Brazil Wants $21 Billion to Protect the Amazon Rainforest


On Friday, Brazil’s President Luiz Inacio Lula da Silva headlined an event to officially launch a new international fund that will raise money to protect the Amazon Rainforest. “We are conscious of what the Amazon represents for the world… It’s better for the country’s image to do things right, so we can walk in international forums with our heads high,” Lula pontificated.

It is hoped that the fund will raise up to 21 billion dollars over the next 13 years from nations around the world. Norway has already chipped in, pledging 100 million dollars to kick things off. Brazil has made it clear though that donations are only being accepted with a condition of no strings being attached. In other words, countries that donate money will have no say over how the money is used.

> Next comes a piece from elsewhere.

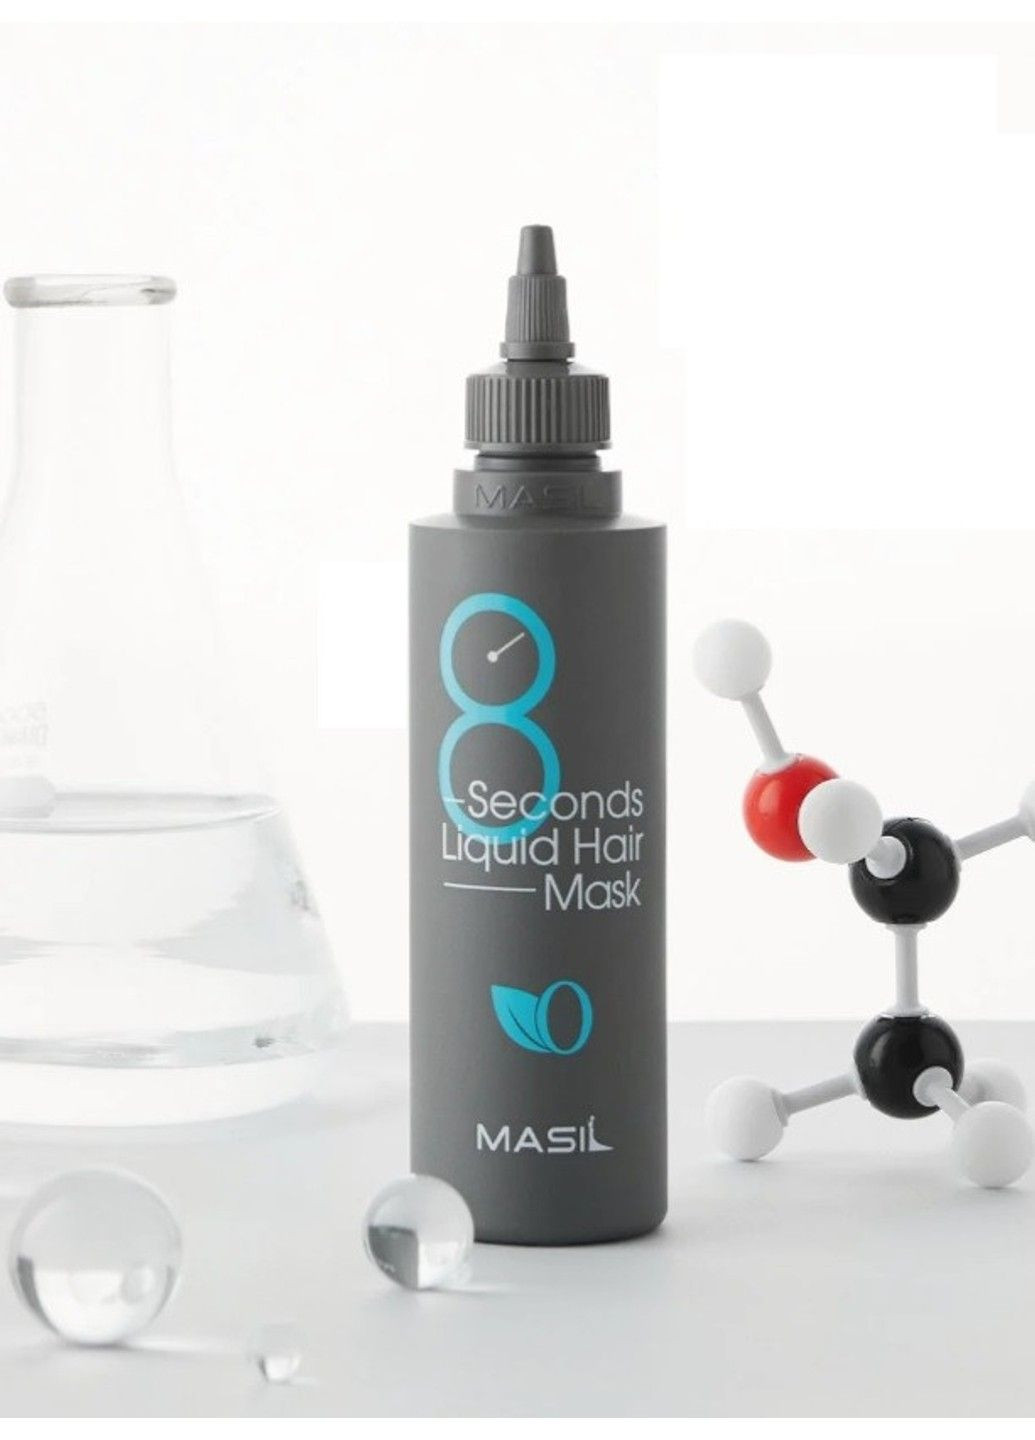 Маска для волос 8 Seconds Liquid Hair Mask восстановления и объем - 100 мл MASIL (285813569)
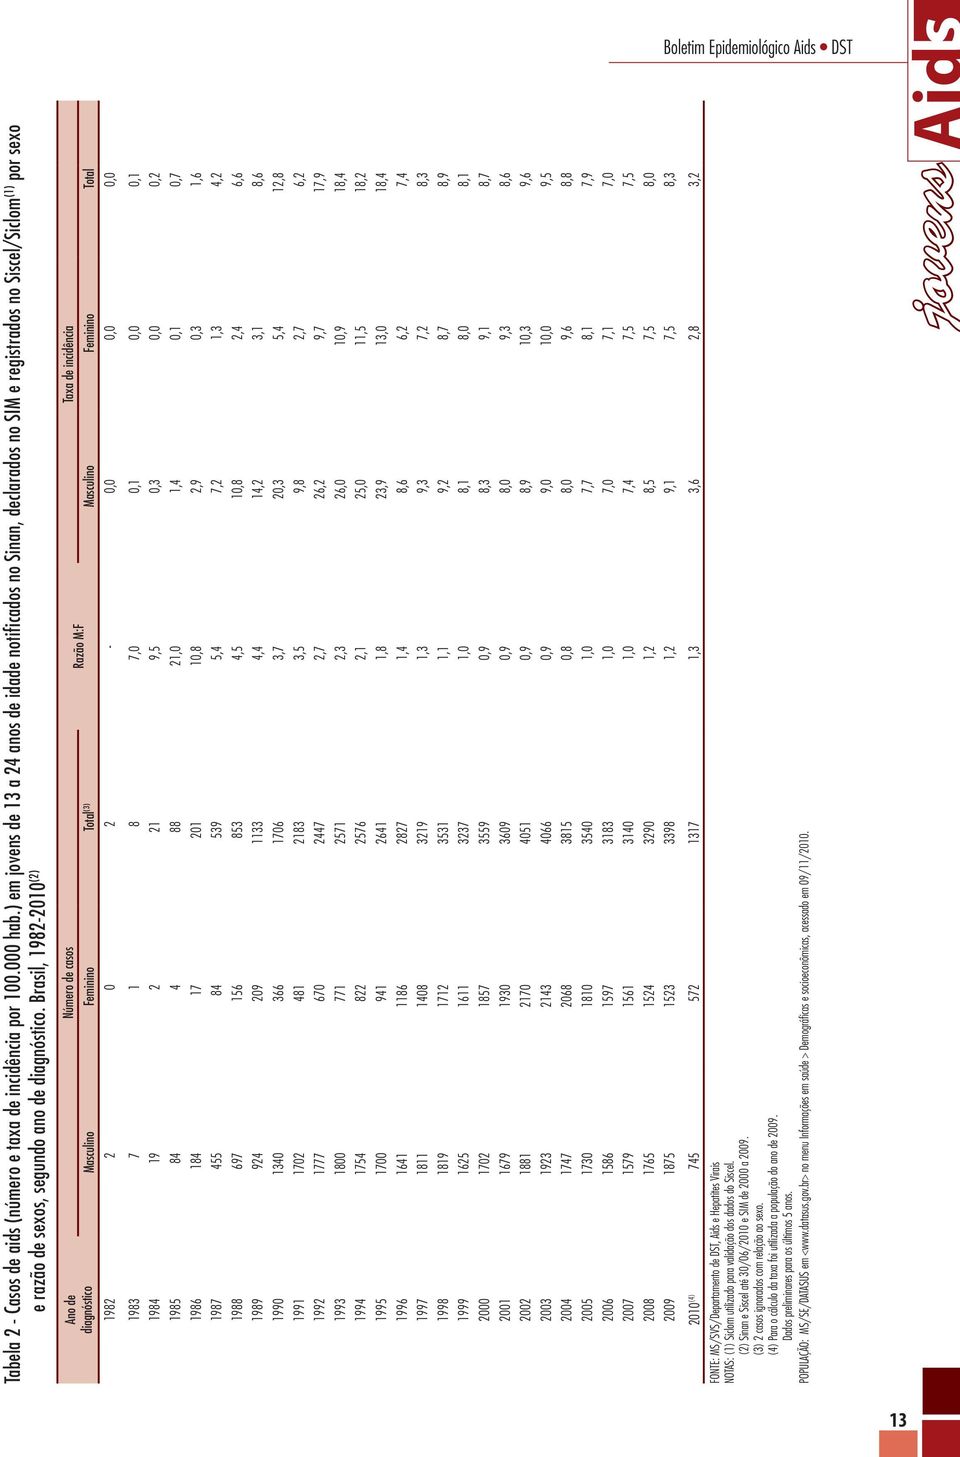 Brasil, 1982-2010 (2) Ano de diagnóstico Número de casos Taxa de incidência Razão M:F Masculino Feminino Total (3) Masculino Feminino Total 1982 2 0 2-0,0 0,0 0,0 1983 7 1 8 7,0 0,1 0,0 0,1 1984 19 2

This stringent policy has its roots in resentment. Some Brazilians feel that they have been unfairly criticized by other countries for the deforestation of the Amazon. They claim that these nations often sit back and provide little in the means of help, or have their own environmental peccadilloes that make these slights toward Brazil’s conservation efforts hypocritical. Brazil’s Minister for Strategic Affairs, Roberto Mangabeira Unger, voiced this sentiment at the press conference: “The fund is a vehicle by which foreign governments can help support our initiatives without exerting any influence over our national policy. We are not going to trade sovereignty for money.”